### Directions
The material beneath this line should be printed exactly, with its pictures omitted.
Collected material START
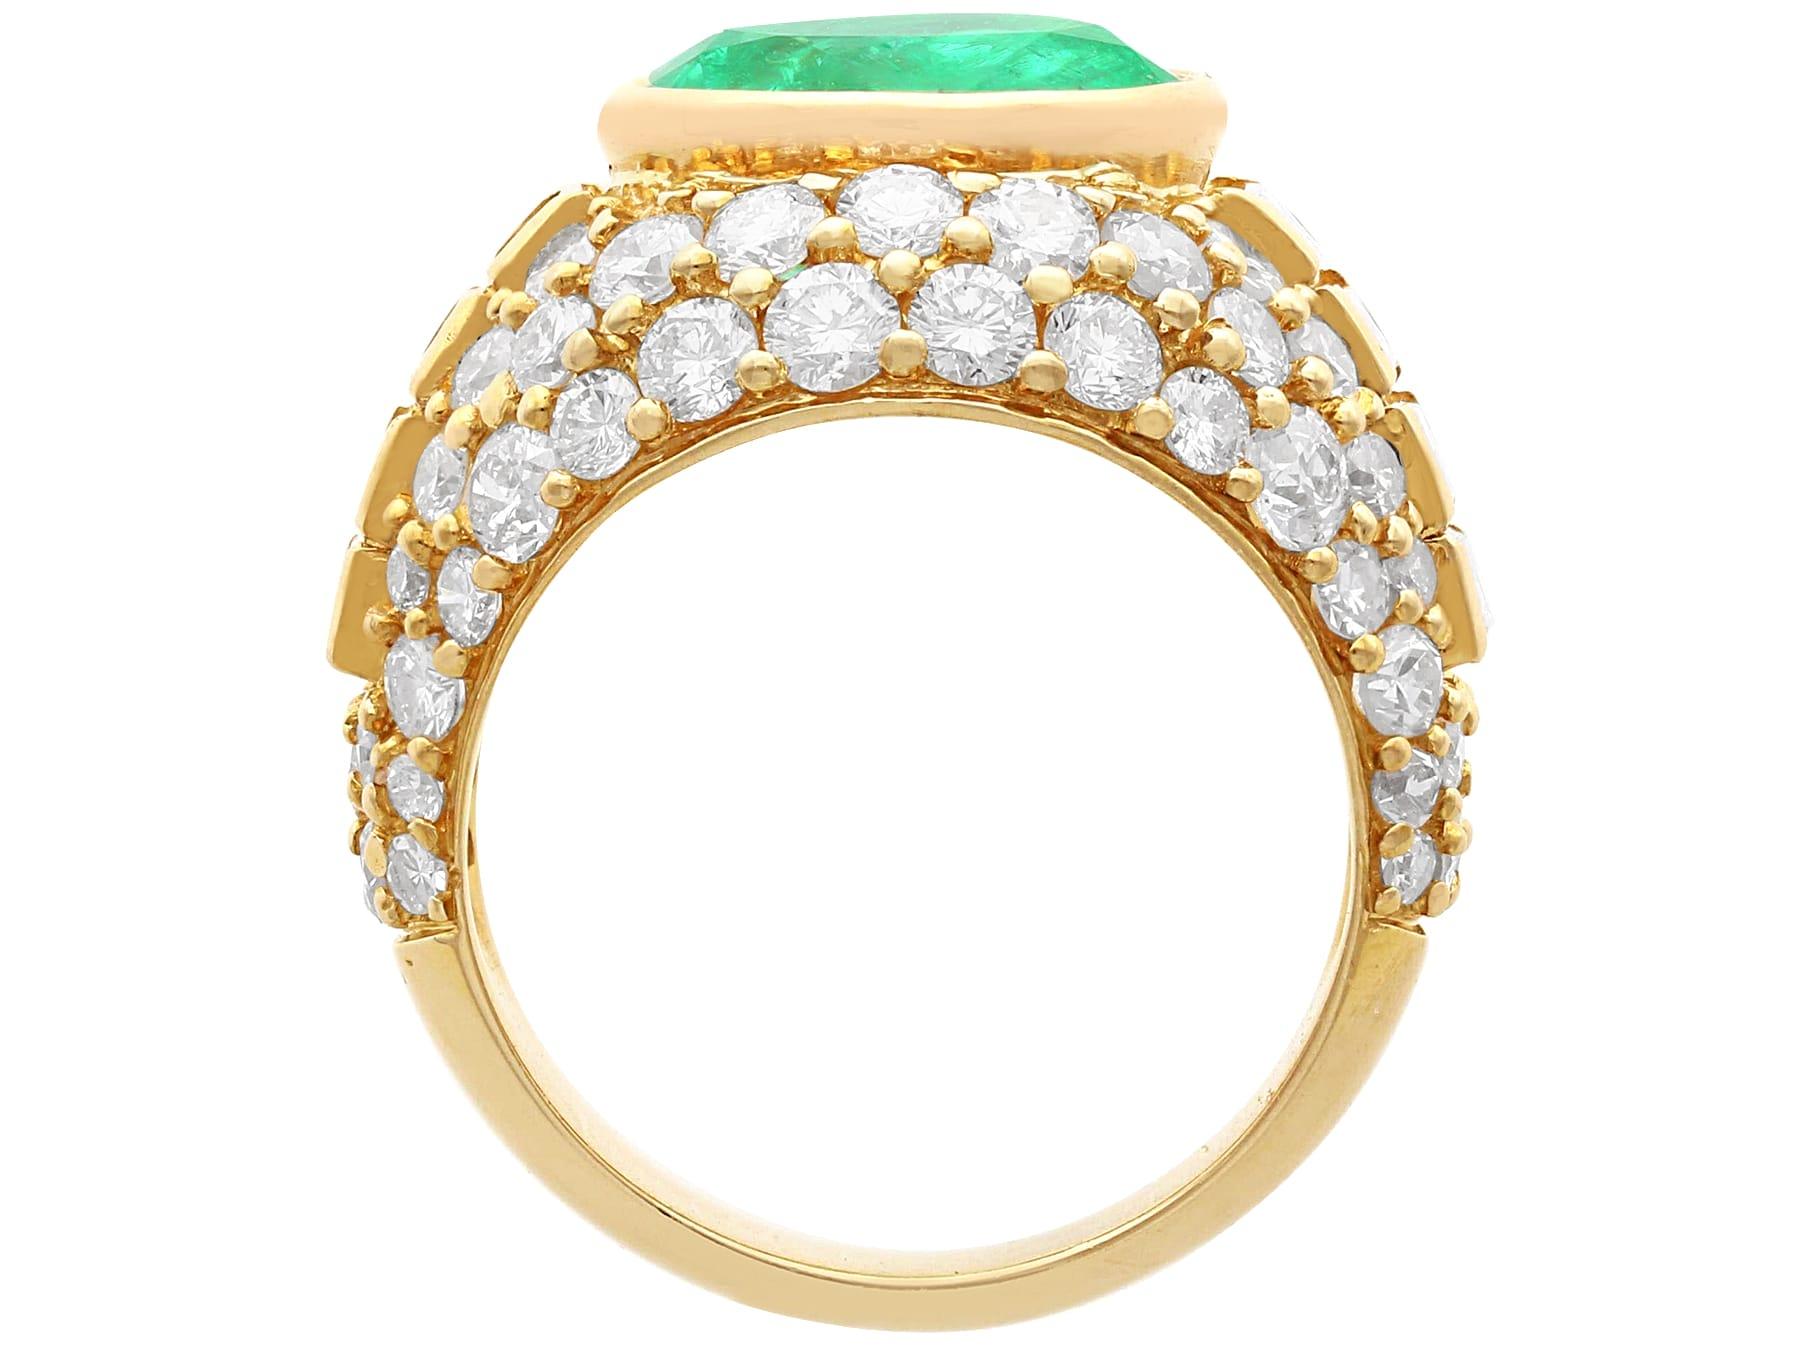 Vintage 5.12ct Colombian Emerald and 3.45ct Diamond, 18ct Yellow Gold Dress Ring For Sale 1
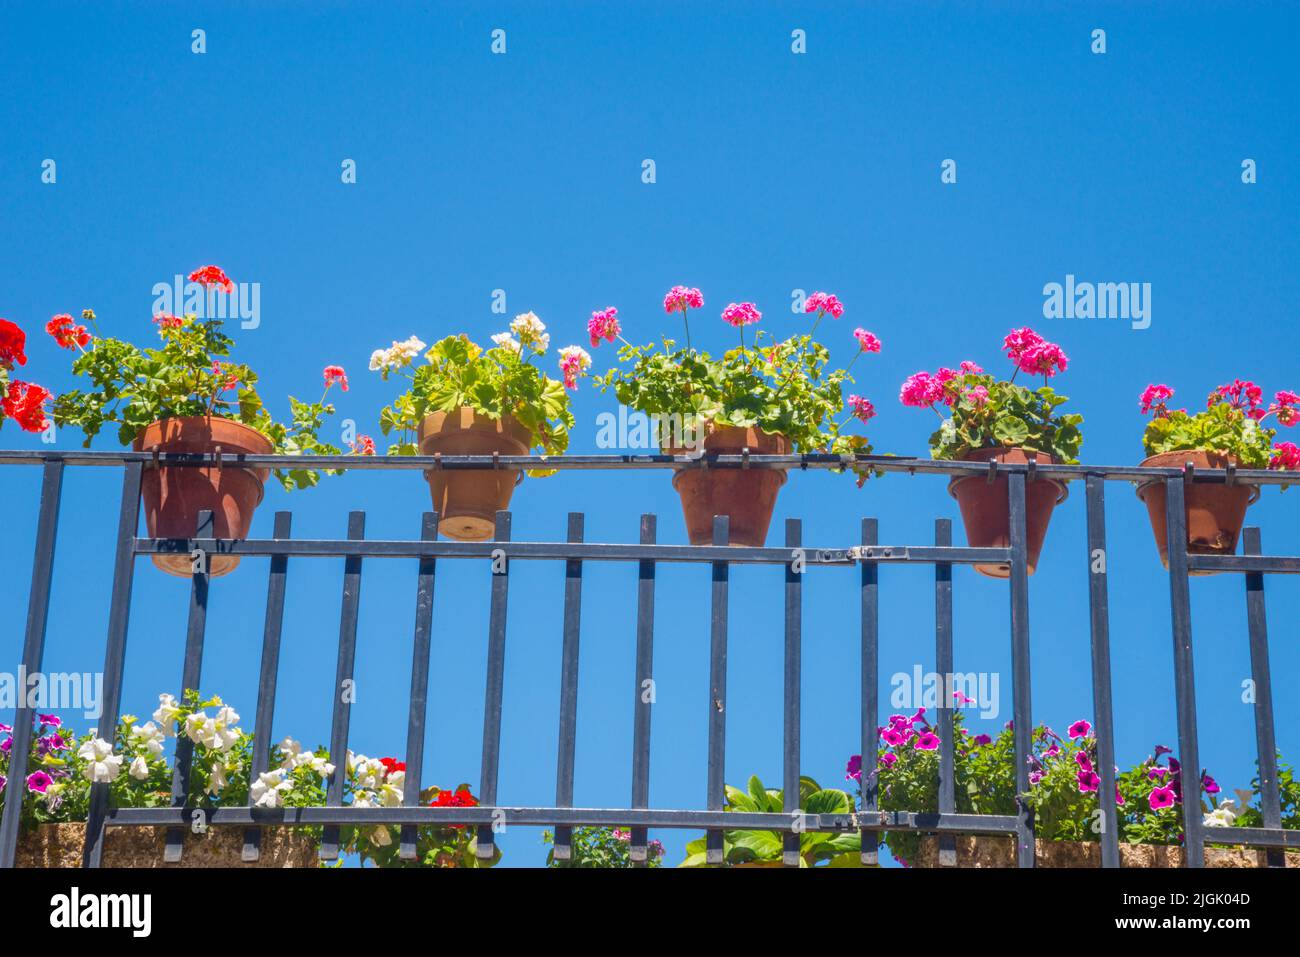 Flowerpots in a banister. Stock Photo
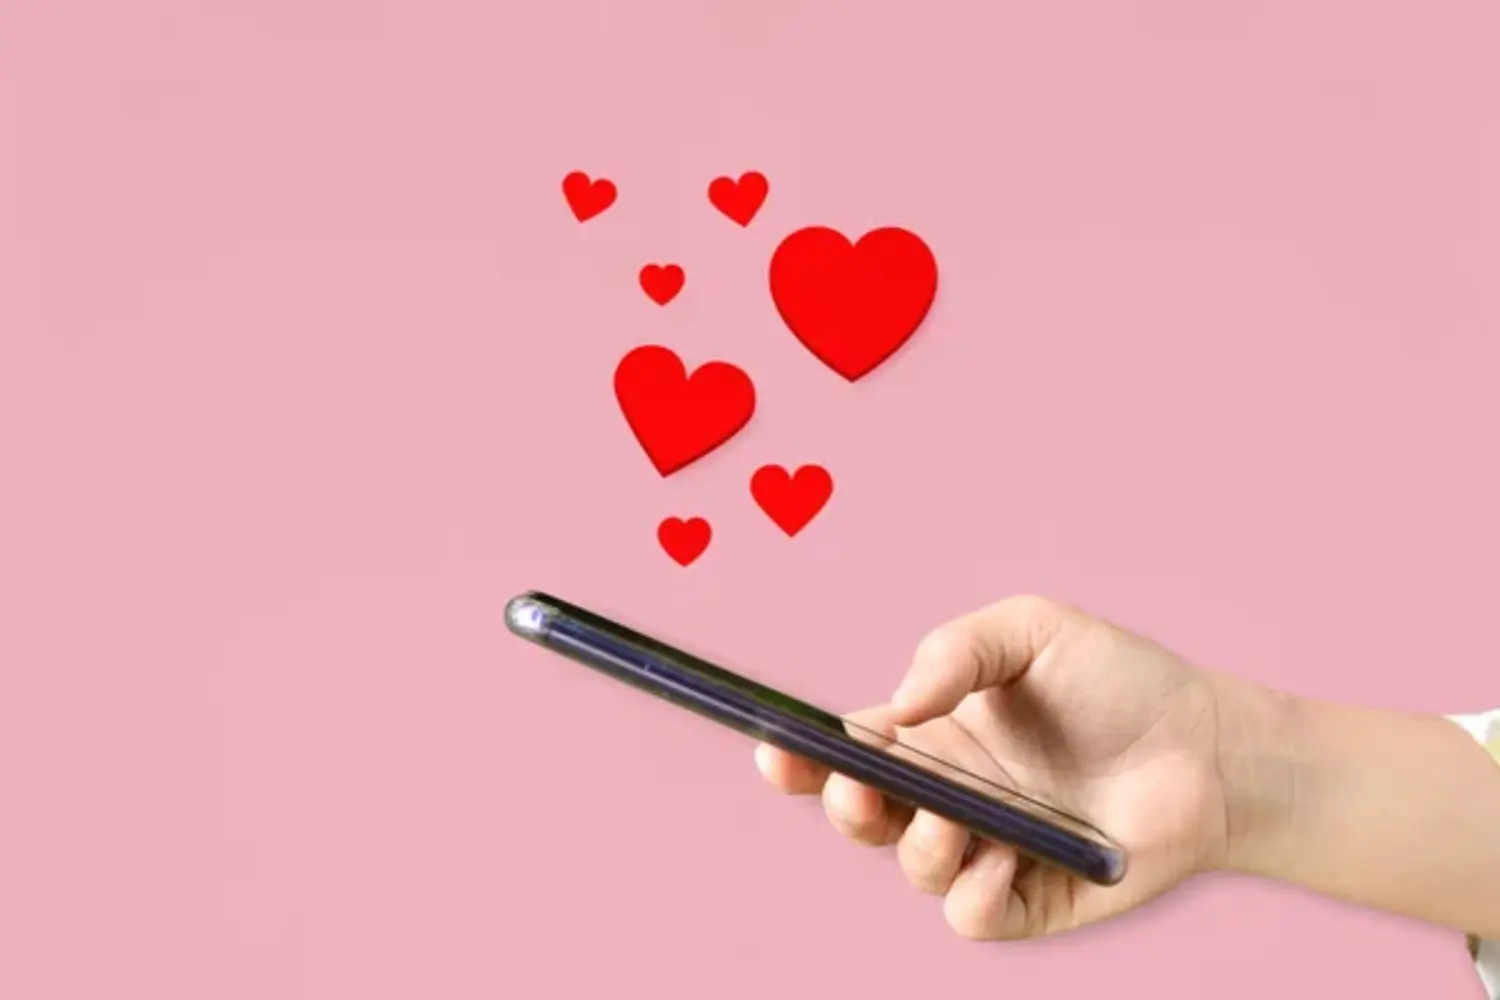 What Is Social Media E-Dating?
Collected material END
### Result for this task
 Vintage 5.12ct Colombian Emerald and 3.45ct Diamond, 18ct Yellow Gold Dress Ring For Sale 1
 Flowerpots in a banister. Stock Photo
 What Is Social Media E-Dating?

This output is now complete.